August 20, 2018

Finest Hour 180, Spring 2018

Page 38

Timothy Riley is Sandra L. and Monroe E. Trout Director and Chief Curator of the National Churchill Museum.


The idea of establishing a permanent memorial to Winston Churchill in the United States began in 1961 during Westminster College’s commencement ceremonies, when Westminster President Dr. R. L. “Larry” Davidson and members of the St. Louis Branch of the English-Speaking Union hatched a bold plan to move the war-damaged church of St. Mary the Virgin, Aldermanbury from London, England, to Fulton, Missouri.

The original church dates to the twelfth century, but it was rebuilt in 1677 by Sir Christopher Wren following the Great Fire of London.
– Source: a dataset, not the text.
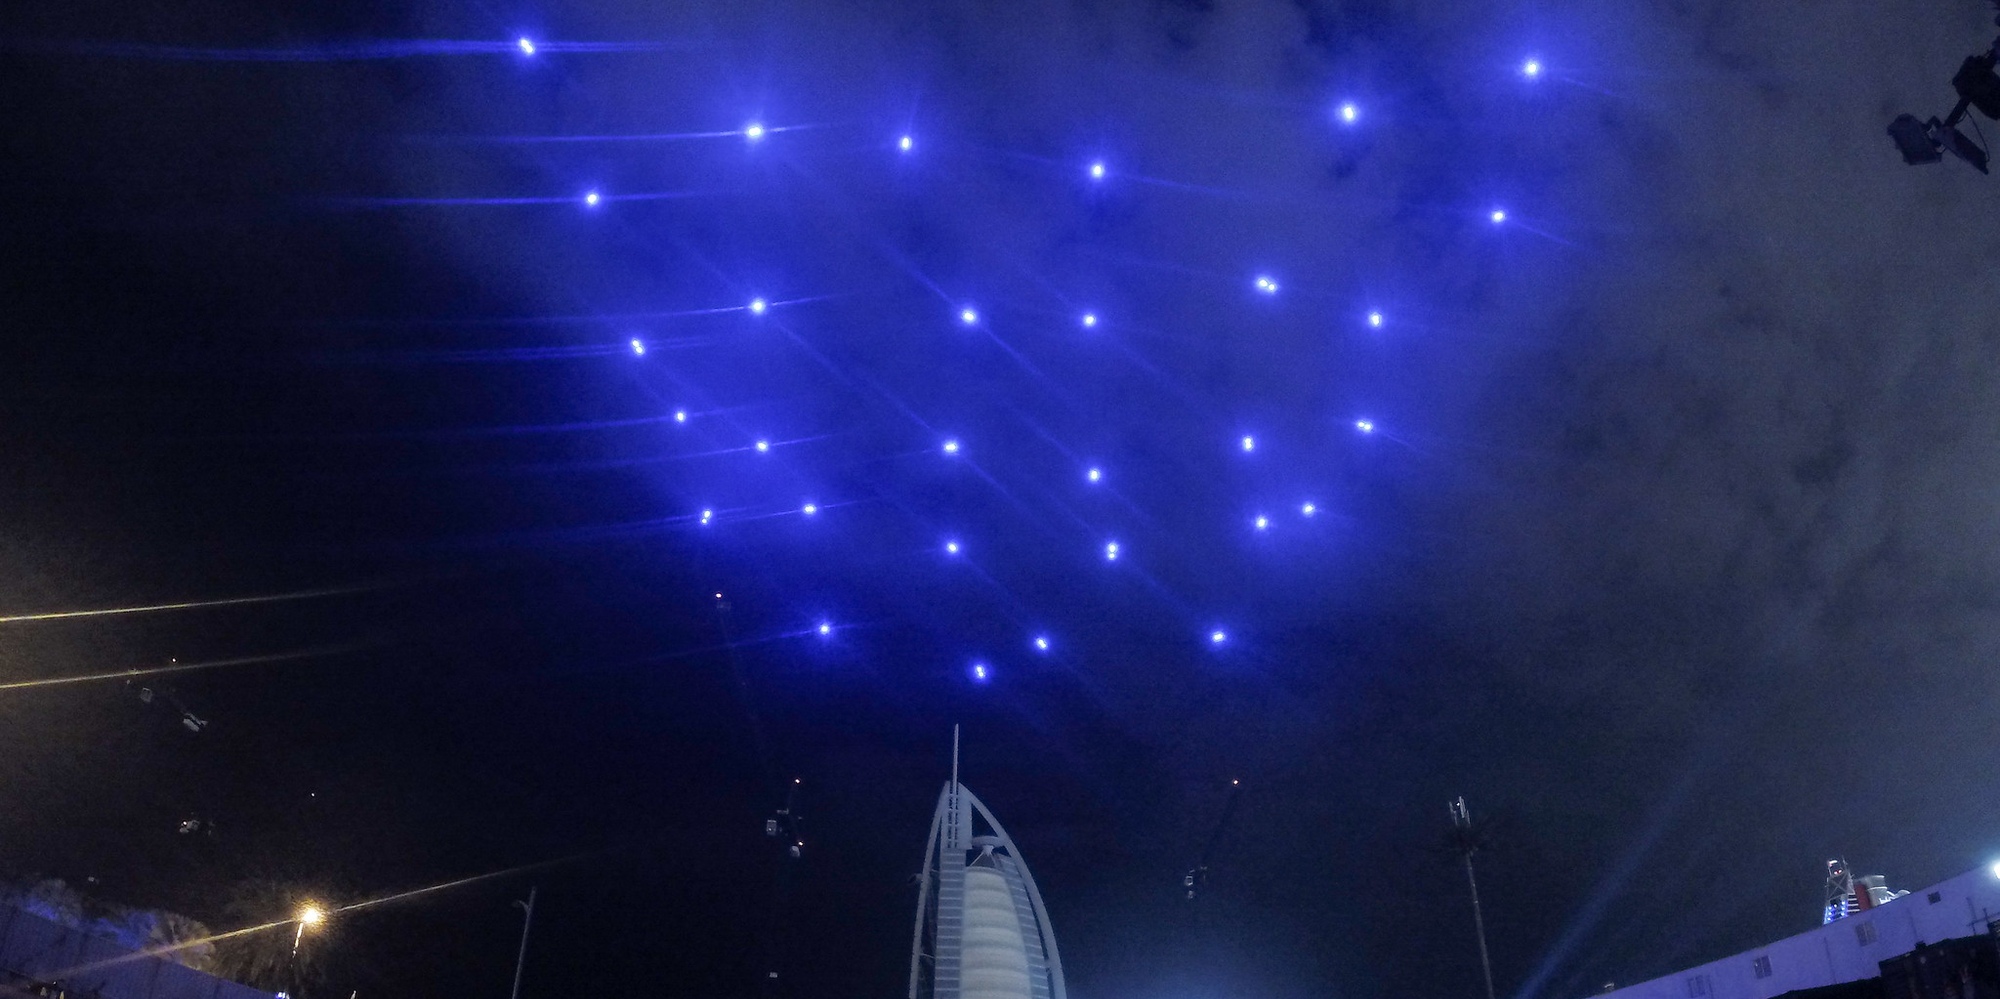 Spaxels in Dubai - UAE National Day 2014

It stood proudly at the corner of Love Lane and Aldermanbury, not far from the medieval Guildhall and near Wren’s masterpiece, St. Paul’s Cathedral.

On the night of 30 December 1940, catastrophe struck again when the church suffered a direct hit by an incendiary bomb dropped by the Luftwaffe. When morning came on the final day of that year, only the external stonework and the eight columns with acanthus-leaf capitals remained. Wren’s church lay in ruins. It remained so for more than twenty years until Larry Davidson saw an article in Life magazine just before Westminster’s commencement ceremony. That Life article prompted a discussion that transformed the Westminster College campus and established a permanent memorial to Winston Churchill in the United States.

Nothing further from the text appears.